- **Requirement**: Transcribe the listing exactly as written. Leave the images out.

- **Information provided**:
========================================================================

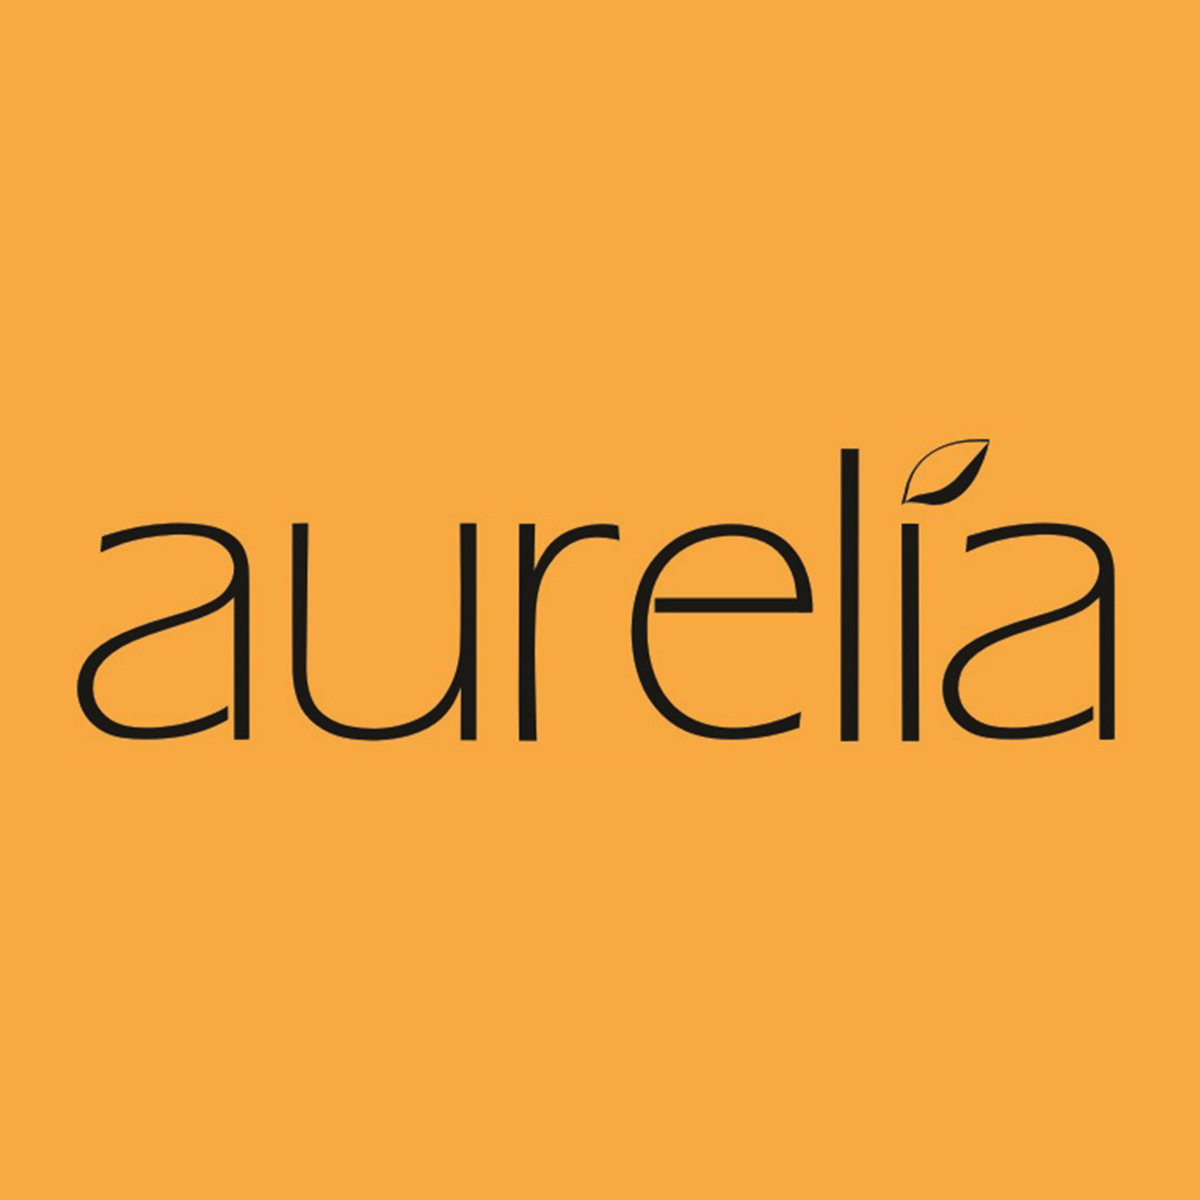 Aurelia, Next Galleria Malls
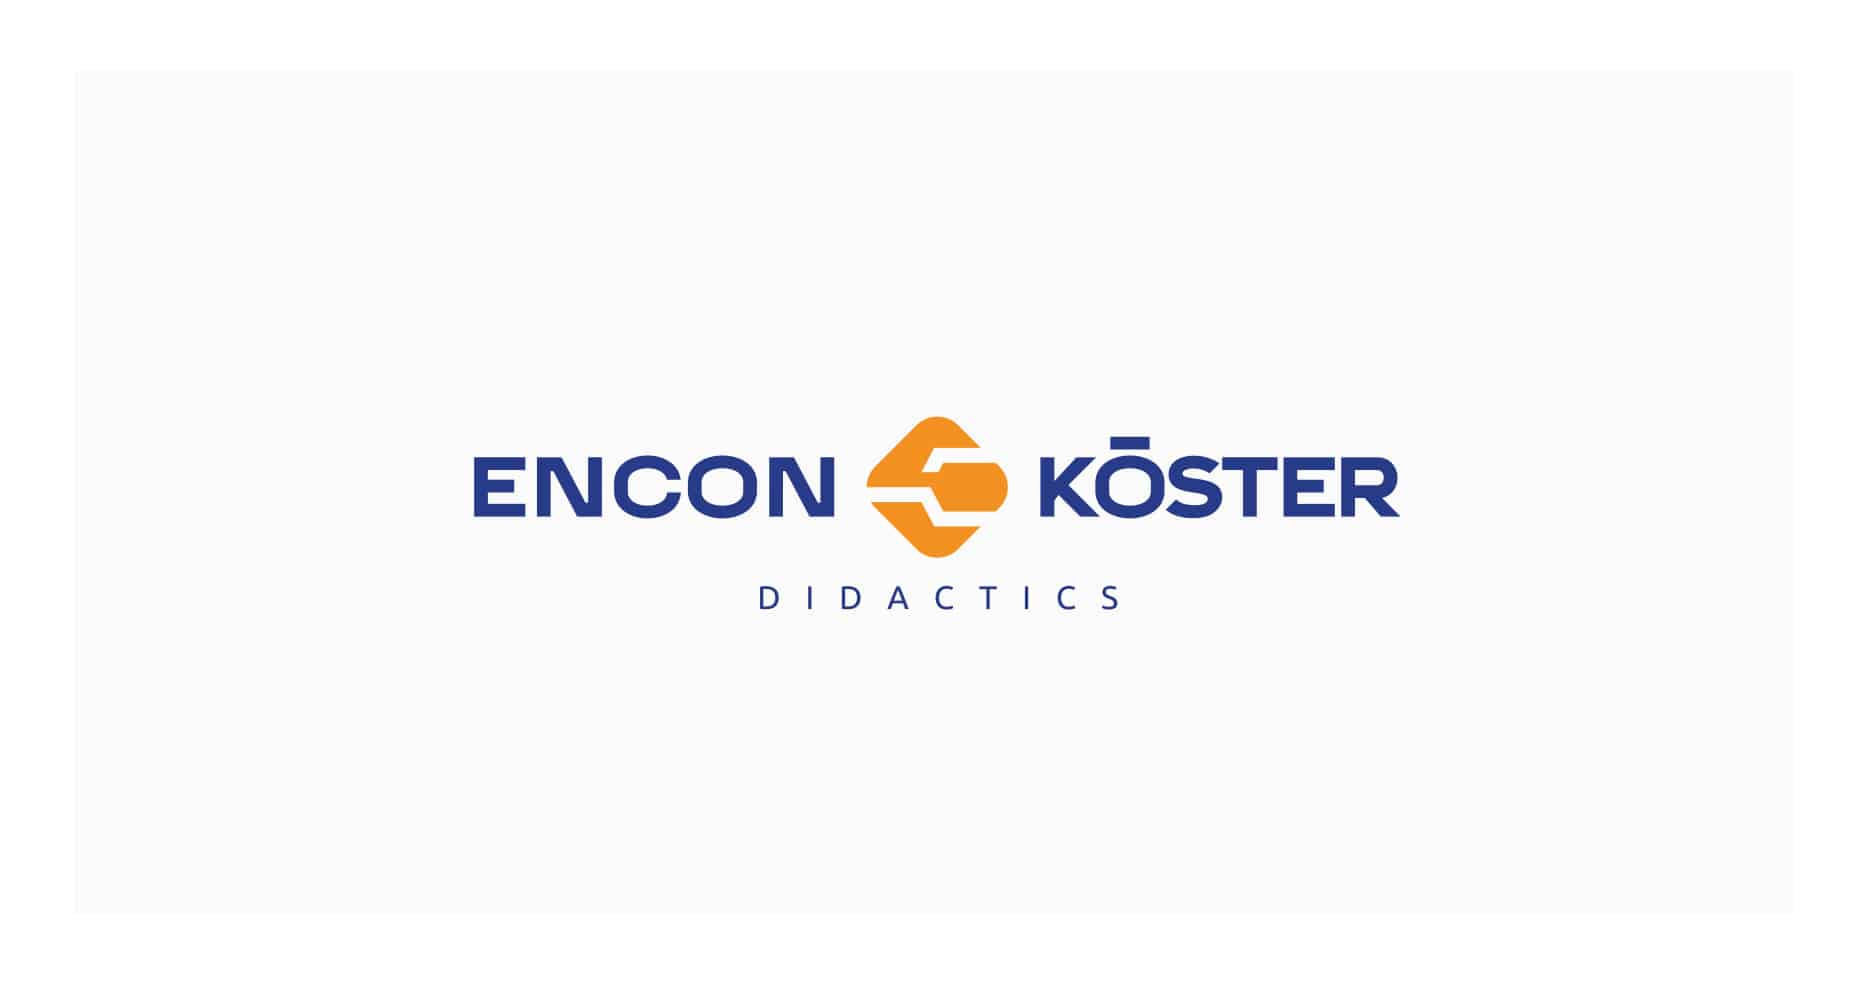 Encon didactics logo
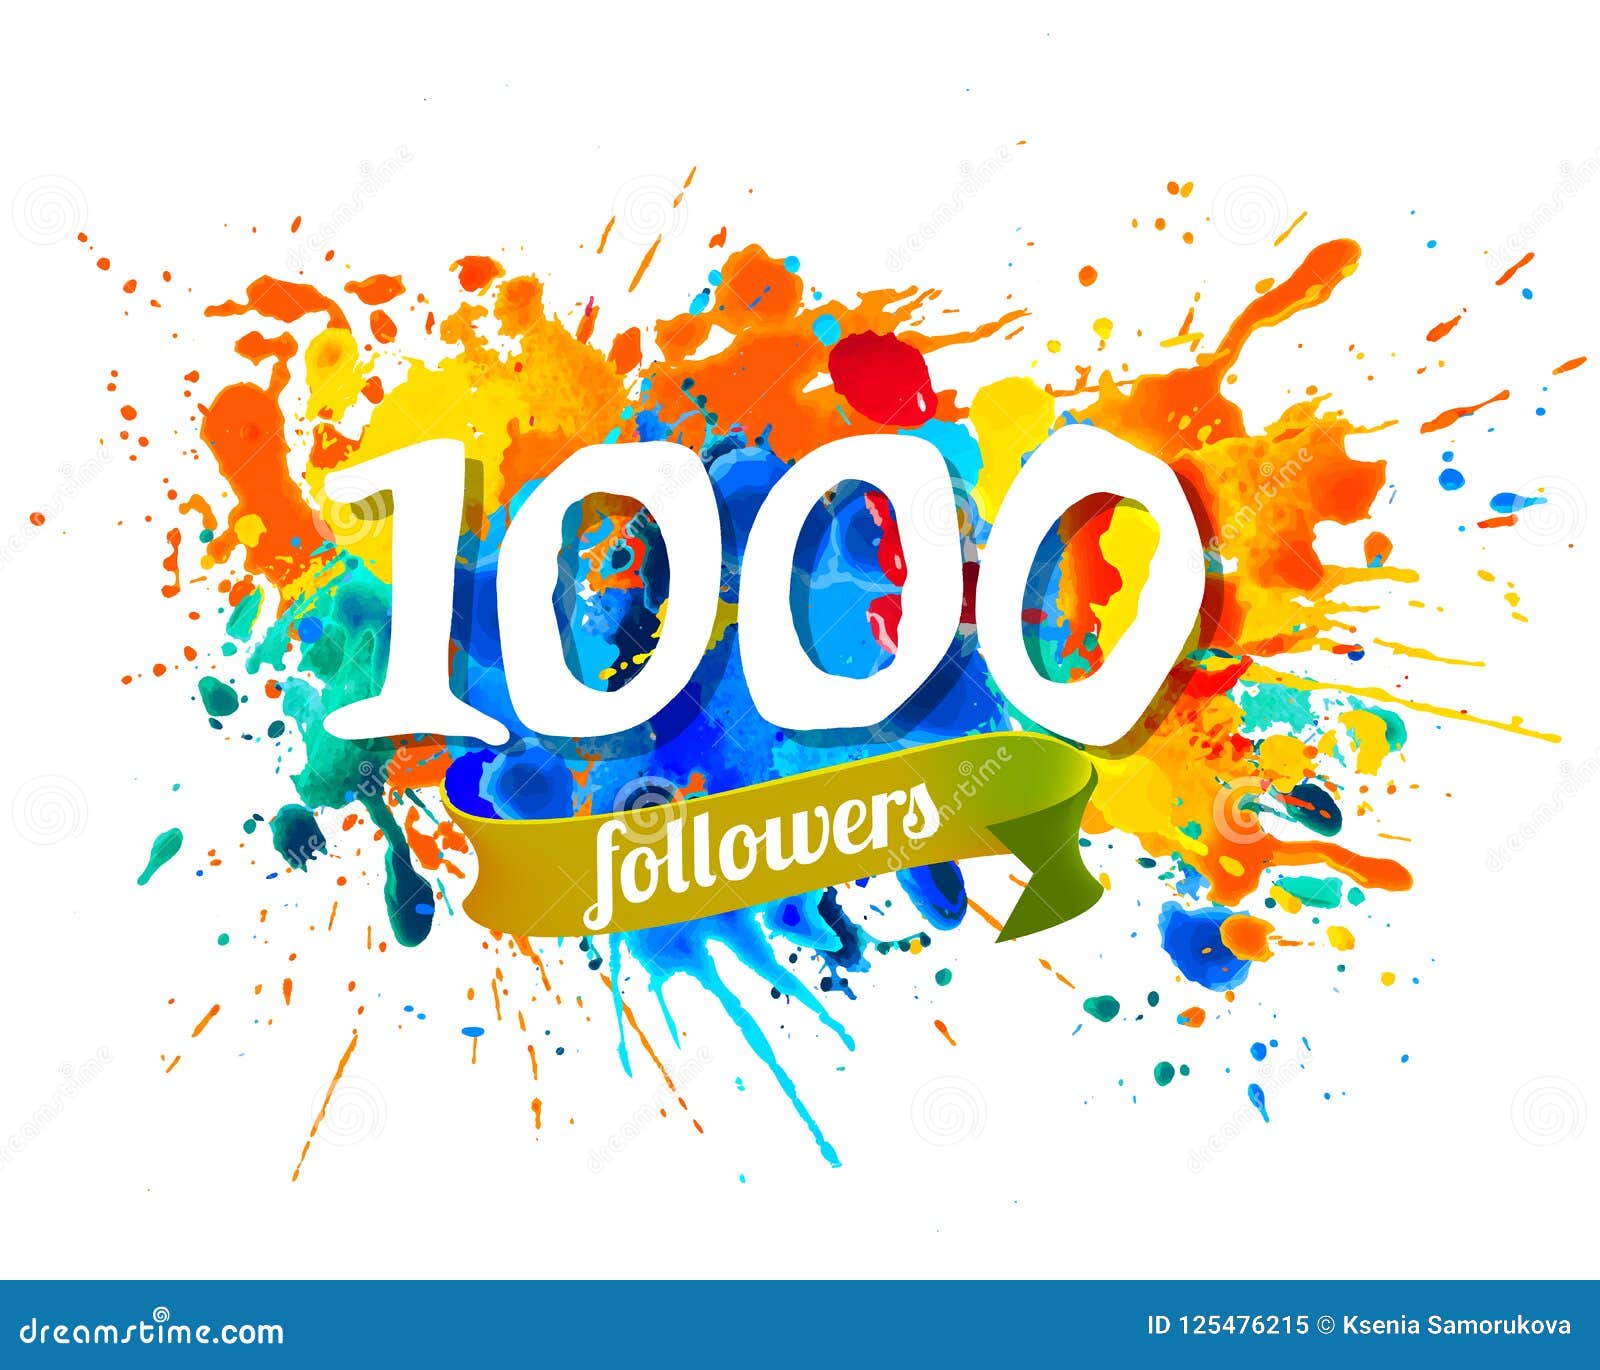 1000 Followers Splash Paint Inscraiption Stock Vector

========================================================================

- **Response**:
 Aurelia, Next Galleria Malls
 Encon didactics logo
 1000 Followers Splash Paint Inscraiption Stock Vector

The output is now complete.